В задушевных разговорах приятели проводили поздние вечера и ночи, так что Добролюбов даже оставался ночевать у Чернышевского. Говорено было обо всём: в первую очередь о сомнении в вере, о новых убеждениях, о самостоятельности разума, направленного на уничтожение неравенства, нищеты, коррупции:
«С Н. Г. мы толкуем не только о литературе, но и о философии, и я вспоминаю при этом, как Станкевич и Герцен учили Белинского, Белинский — Некрасова, Грановский — Забелина и т. п. <…> Я бы тебе (Турчанинову. —
Очевидно, что в этих беседах, как следует из умолчания, обусловленного опасностью перлюстрации, речь шла о новых течениях в философии — Фейербахе, последователем которого уже был Чернышевский, о французских социалистах Луи Блане, Пьере Жозефе Прудоне, об особой русской интеллектуальной традиции кружкового философствования, выпукло и не без иронии описанной в «Былом и думах» Герцена и «Гамлете Щигровского уезда» и «Рудине» Тургенева. Конечно же, обсуждался прочитанный Герцен: в цитированном письме далее речь идет о его известной книге «О развитии революционных идей в России» (1850), основной риторический прием которой — описание своеобразной антиправительственной «эстафеты», прославленного литературного мартиролога, в котором каждый писатель, поэт или мыслитель, задушенный самодержавием (на деле или в воображении Герцена), умирает как будто для того, чтобы передать преемнику «революционные идеи». Отсюда и в письме Добролюбова появляется эта цепь — «Авраам родил Исаака, Исаак родил Иакова» и т. д.

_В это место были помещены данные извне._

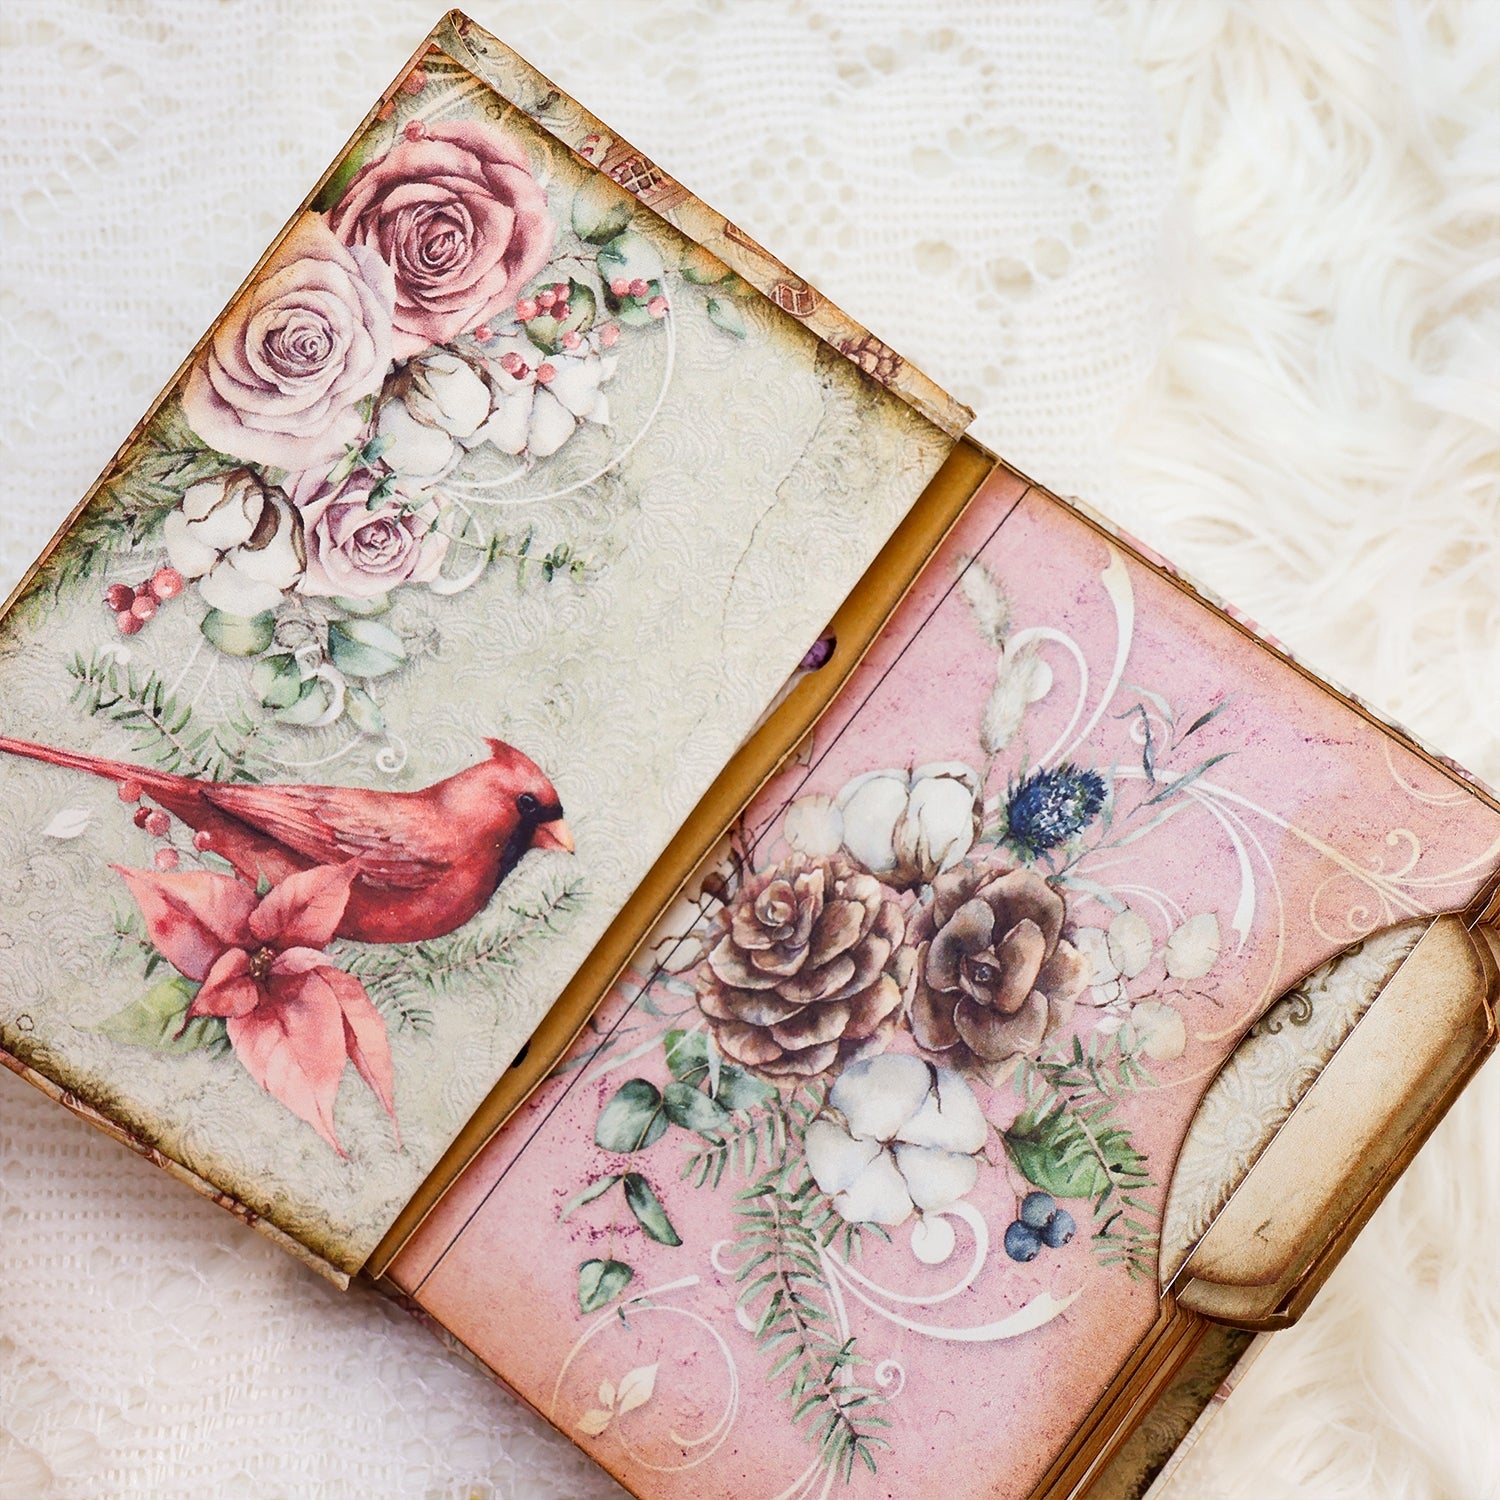 Pink Santa Mini Photo & Notes Album Craft Kit - DIY Gift 7

В беседах весны и лета 1856 года стремительно формировалась новая система взглядов Добролюбова, те философские и этические, теоретические и практические принципы, которые, с одной стороны, лягут в основу его критических статей для «Современника», а с другой — предопределят его бытовое поведение и с коллегами по цеху, и с аристократами, и со студентами, и с падшими созданиями, обитавшими в «петербургских углах».
Упоминаниями Чернышевского по самым разным поводам пестрит дневник 1857 года: Добролюбов постоянно соотносит с ним встреченных людей, регулярно читает его статьи в «Современнике», дает знакомым прочесть его «Очерки гоголевского периода русской литературы», приносит Чернышевскому свои стихотворения для прочтения и возможной публикации в журнале (и открывает в друге «поэтический талант»{145}). Наконец, всё это закономерно приводит Добролюбова к формулированию собственной «теории эгоизма» — скорее всего, под прямым воздействием Чернышевского: «Если умственные и нравственные интересы расходятся, уважение и любовь к родным слабеет и может и вовсе исчезнуть… В самом деле: умри теперь Чернышевский, я о нем буду жалеть в сто раз больше, чем о своем дядюшке, если бы он умер»{146}. В 1857 году духовное родство между ними настолько окрепло, что Добролюбов не стеснялся упоминать об этом, «читать панегирик» умственным качествам друга уже не только своим однокурсникам, но и более далеким знакомым — например, брату драматурга Островского Михаилу Николаевичу, с которым встречался в салоне отца своей ученицы Натальи Татариновой. Во время спора, произошедшего 7 февраля 1857 года, Добролюбов защищал концепцию Чернышевского об искусстве как суррогате действительности (из недавно прочитанной магистерской диссертации){147}. Несмотря на то что круг чтения Добролюбова в это время был достаточно обширен (Герцен, Фейербах, Чаадаев, Белинский и др.), разговоры с Чернышевским и его статьи оставались главным источником, из которого черпались представления о том, как нужно говорить и думать о литературе.